Attempt: Suppose $f$ is of bounded variation on $[a,b]$ and $f(x)\geq \epsilon>0$ $\forall x \in [a,b]$. Define $g(x) = \ln f(x)$. Then, $$\Delta g_k = \ln f(x_k) - \ln f(x_{k-1})$$
Then, \begin{align} \sum_{k=1}^{n}|\Delta g_k| &= \sum_{k=1}^{n}|\ln f(x_k) - \ln f(x_{k-1})|\\ &= |\ln f(x_1) - \ln f(x_{0})| +\cdots+ |\ln f(x_n) - \ln f(x_{n-1})| \\ &\leq |\ln f(x_1)|+|\ln f(x_0)|+\cdots+ |\ln f(x_n)|+|\ln f(x_{n-1})|, \text{ by triangle inequality} \\ &= |\ln f(x_0)|+|\ln f(x_n)|+2\sum_{k=1}^{n-1}|\ln f(x_k)|, \text{ some terms show up twice}\\ &\leq 2(|\ln f(x_0)|+|\ln f(x_n)|)+2\sum_{k=1}^{n-1}|\ln f(x_k)| \\ &= 2\sum_{k=0}^{n}|\ln f(x_k)| \\ &= M_1, \text{ not sure how to justify} \end{align}
I'm actually not convinced that what I am to prove is actually true. I can see that it's true for certain types of functions, like constant and monotonic functions. Outside of those types, I'm not convince. Any help would be appreciated.
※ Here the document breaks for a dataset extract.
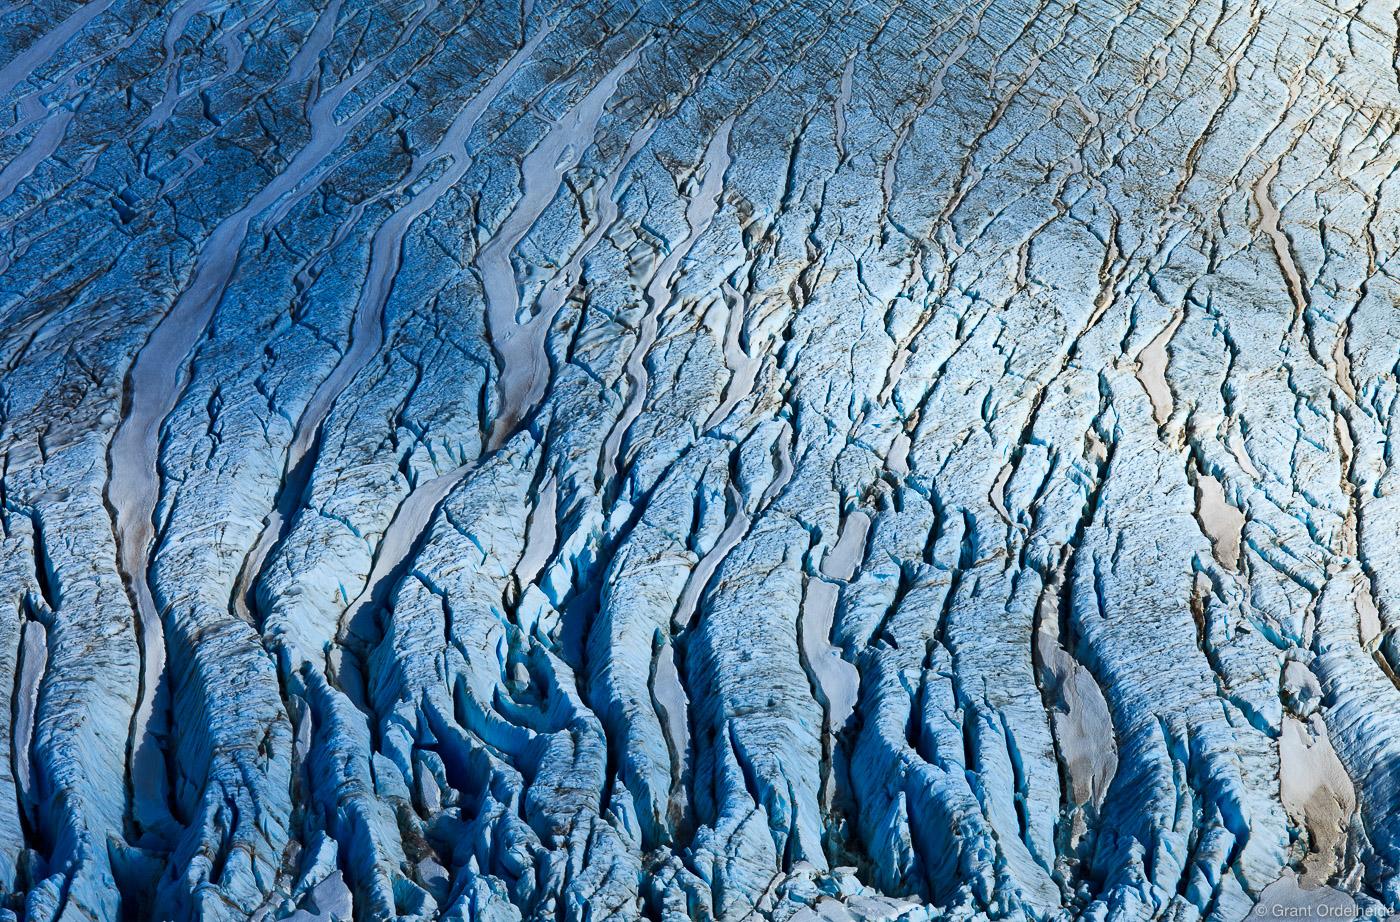 A close up view of the crevasses of the Piedras Blancas Glacier below Mount Fitzroy.
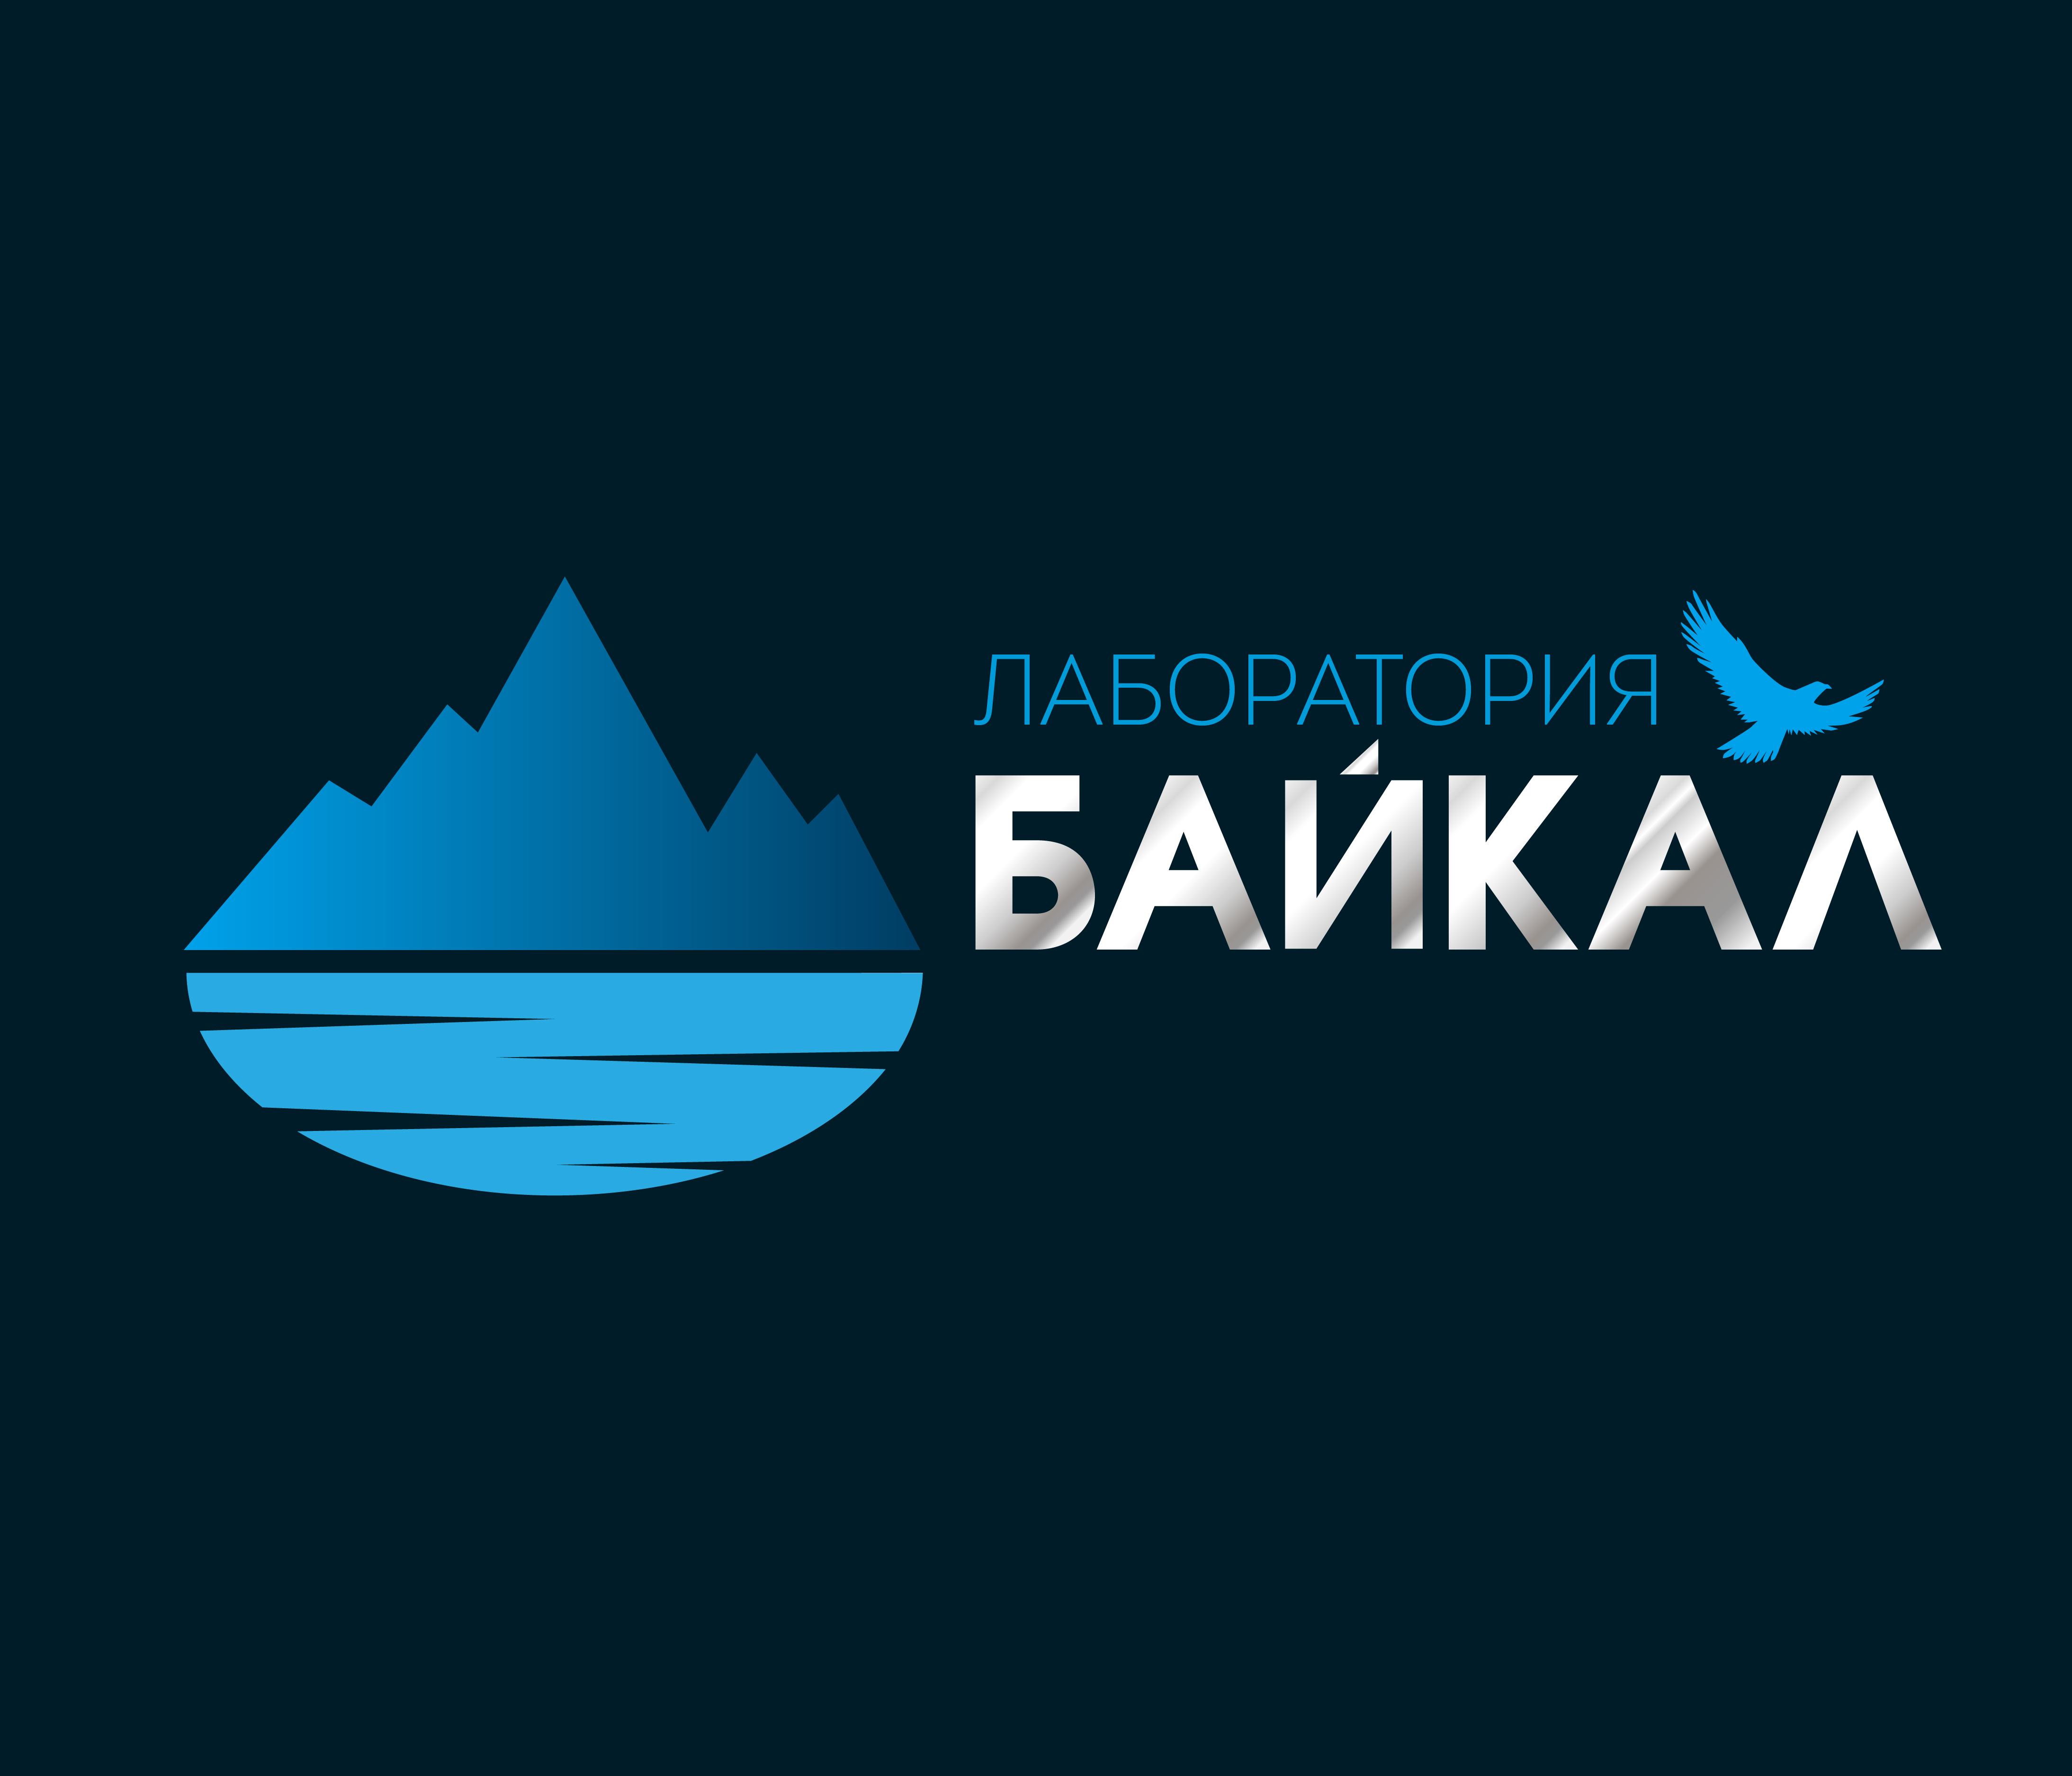 Разработка логотипа торговой марки фото f_216596a83119c678.jpg

EDIT: Using hints provided below, \begin{align} \sum_{k=1}^{n}|\Delta g_k| &= \sum_{k=1}^{n}|\ln f(x_k) - \ln f(x_{k-1})| \\ &= \sum_{k=1}^{n}\big|\ln\left( \frac{f(x_k)}{f(x_{k-1})}\right)\big| \\ &= \sum_{k=1}^{n}\big|\ln\left( 1+ \frac{f(x_k)-f(x_{k-1})}{f(x_{k-1})}\right)\big| \\ &\leq \sum_{k=1}^{n} \frac{|f(x_k)-f(x_{k-1})|}{\min\{f(x_k),f(x_{k-1})\}}, \text{ from hint below} \\ &\leq \sum_{k=1}^{n} \frac{|f(x_k)-f(x_{k-1})|}{\epsilon}, \text{ since $f(x) \geq \epsilon >0$ for all $x\in [a,b]$}\\ &= \frac{1}{\epsilon}\sum_{k=1}^{n} |f(x_k)-f(x_{k-1})|\\ &\leq \frac{M}{\epsilon} \text{ since $f$ is of bounded variation} \end{align}
If $f(x_k) \geqslant f(x_{k-1})$, then
$$|\ln f(x_k) - \ln f(x_{k-1})| = \ln \frac{f(x_k)}{f(x_{k-1}) } =\ln \left(1 + \frac{f(x_k) - f(x_{k-1})}{ f(x_{k-1})} \right)\leqslant \frac{f(x_k) - f(x_{k-1})}{f(x_{k-1})} = \frac{|f(x_k) - f(x_{k-1})|}{|f(x_{k-1})|}.$$
If $f(x_k) \leqslant f(x_{k-1})$, then
$$|\ln f(x_k) - \ln f(x_{k-1})| = \ln \frac{f(x_{k-1})}{f(x_{k}) } =\ln \left(1 + \frac{f(x_{k-1}) - f(x_{k})}{ f(x_{k})} \right)\leqslant \frac{f(x_{k-1}) - f(x_{k})}{f(x_{k})} = \frac{|f(x_k) - f(x_{k-1})|}{|f(x_{k})|}.$$
Since $f(x_k), f(x_{k-1)} \geqslant \epsilon > 0$ we have
$$|\ln f(x_k) - \ln f(x_{k-1})| \leqslant \frac{|f(x_k) - f(x_{k-1})|}{\epsilon}.$$
This should enable you to finish.